Georg Philipp Telemann, the most popular German musician of his day, probably met the young Bach while working as court Kapellmeister in Bach's native Eisenach. He later stood godfather to Carl Philipp Emanuel Bach, and in 1722 was offered the Leipzig cantorate that went to the elder Bach only after Telemann's current employer presented him with an attractive counteroffer. Telemann's some 17,000 compositions have earned him a mention in the Guinness Book of World Records -- not to mention the distinction of being the Albuquerque Baroque Players' most-played composer!
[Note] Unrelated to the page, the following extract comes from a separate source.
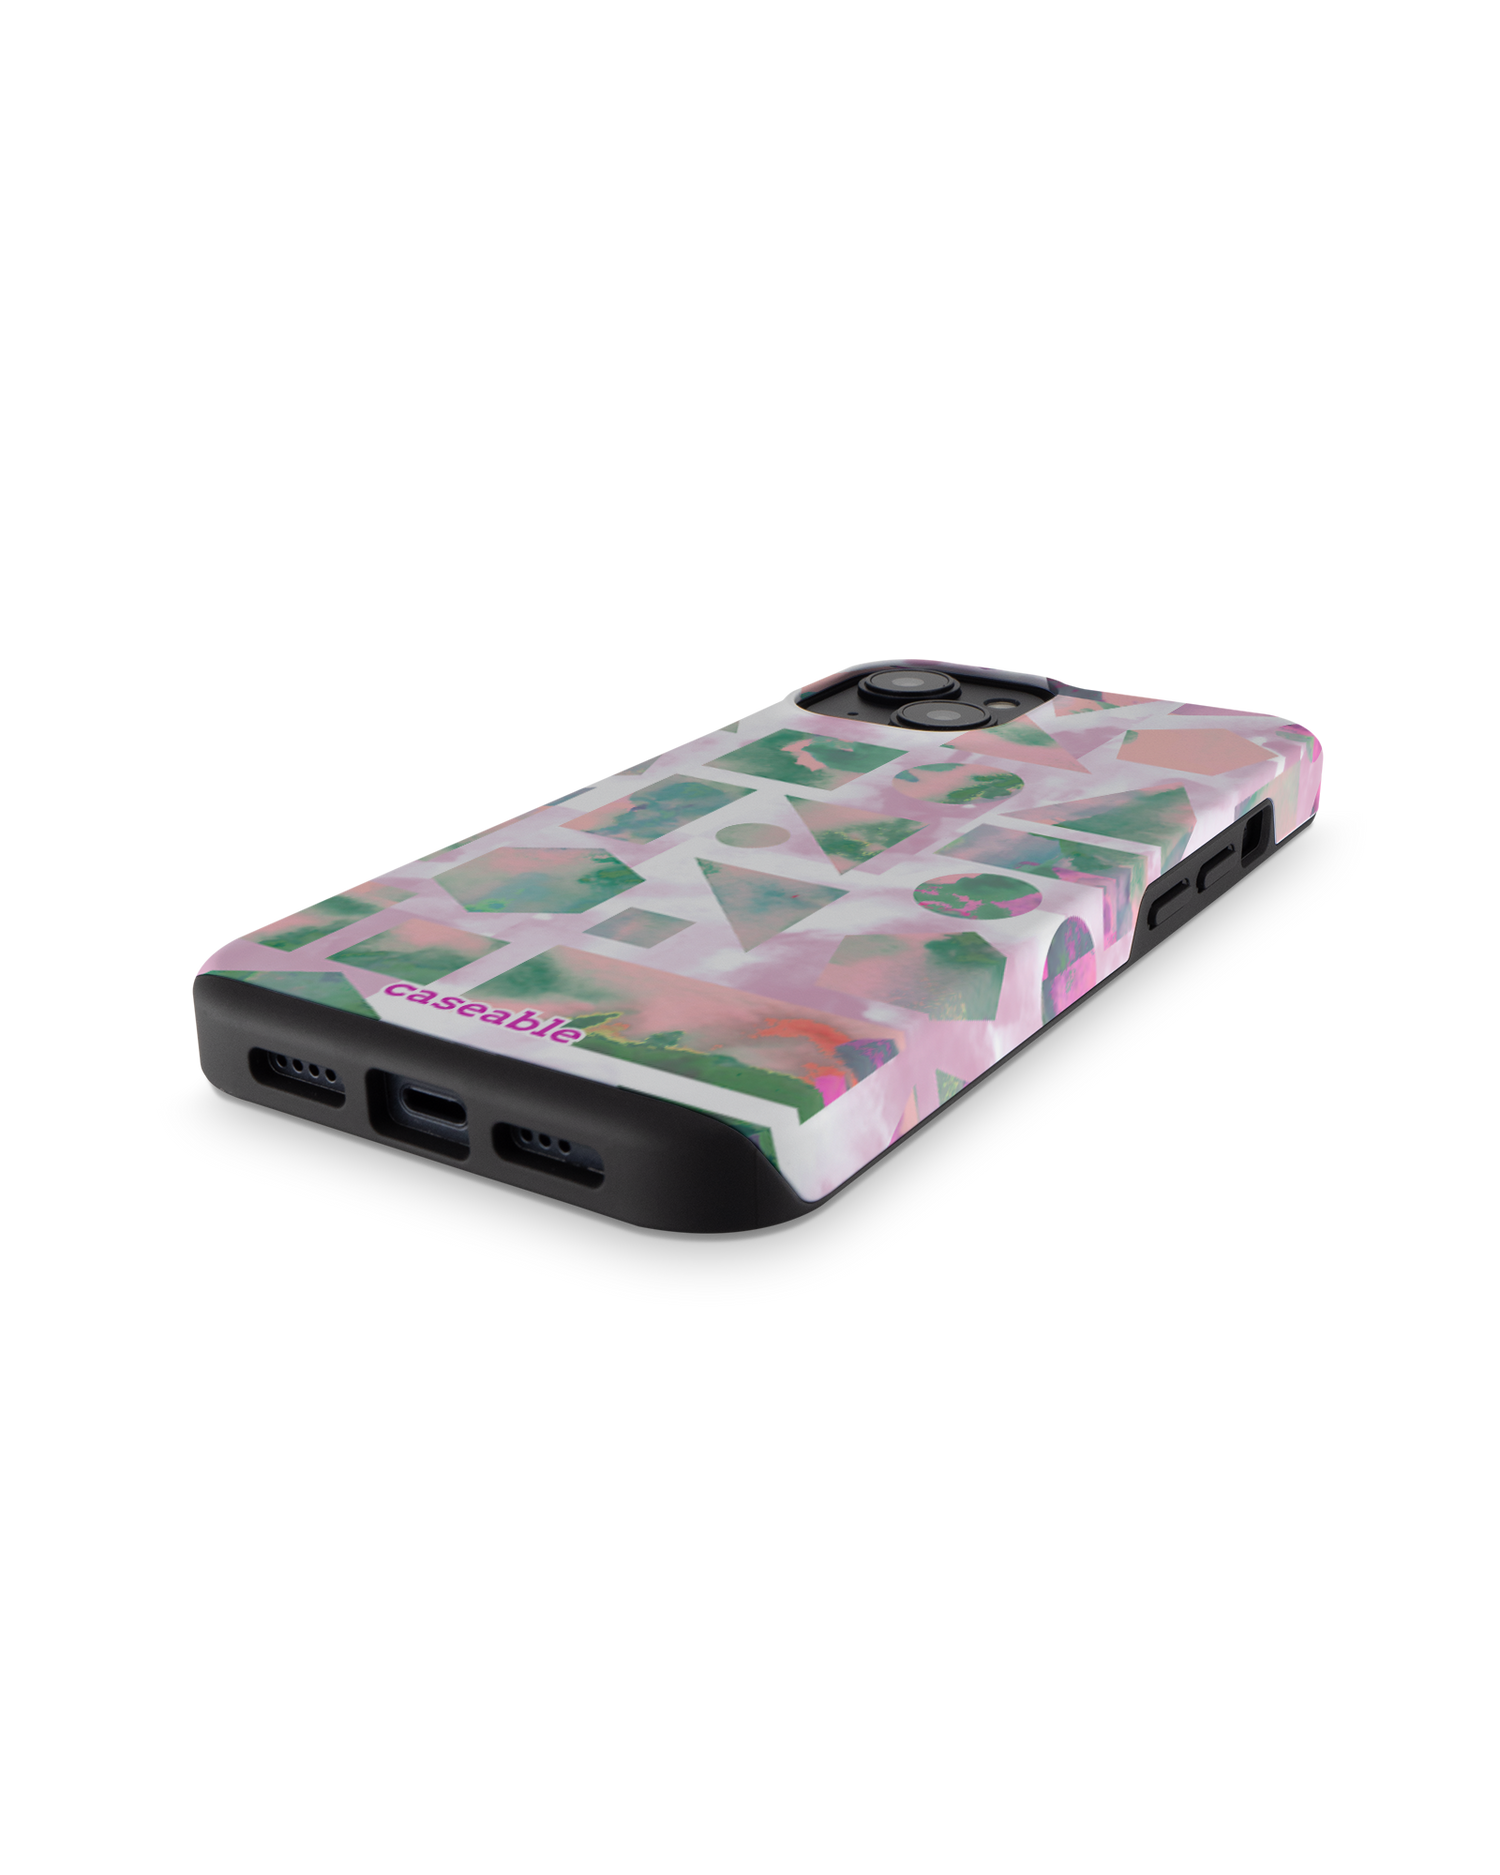 Dreamscapes Premium Phone for Apple iPhone 14: Bottom View

Perhaps because he was so prolific and apparently facile, his posthumous reputation has followed a path similar to that of Vivaldi's: only in the twentieth century has scholarship drawn Telemann out of Bach's and Handel's shadows and approached him on his own terms. While a small ensemble like ABP can explore no more than a tiny sampling of Telemann's output, we have, over the years, been repeatedly amazed and delighted by the great variety and consistently high quality of his work. Among the chamber works the quartets, written for all manner of instrumental combinations, are especially fine. Our selection shows some of the many textural possibilities of the quartet: the thematic division of labor in the first movement suggests a violin concerto, while the second and third are for three equal parts, with the continuo joining in the counterpoint in the third movement.

Our remaining selection has been attributed to both Johann Friedrich Fasch and Johann Joachim Quantz. To at least some musicians, the preponderance of the musical evidence suggests that the e-minor trio was composed for oboes by Fasch and subsequently arranged for flutes by Quantz, with the oboe version somehow becoming misattributed to the latter. Both composers bridged the Baroque and Classical periods, though Quantz is perhaps more closely associated than Fasch with the style galant. Our selection does lean towards the later style, especially in the affettuoso third movement, but the rhythmic vitality of the fast movements, along with bits of imitative counterpoint, retains some of the flavor of the Baroque.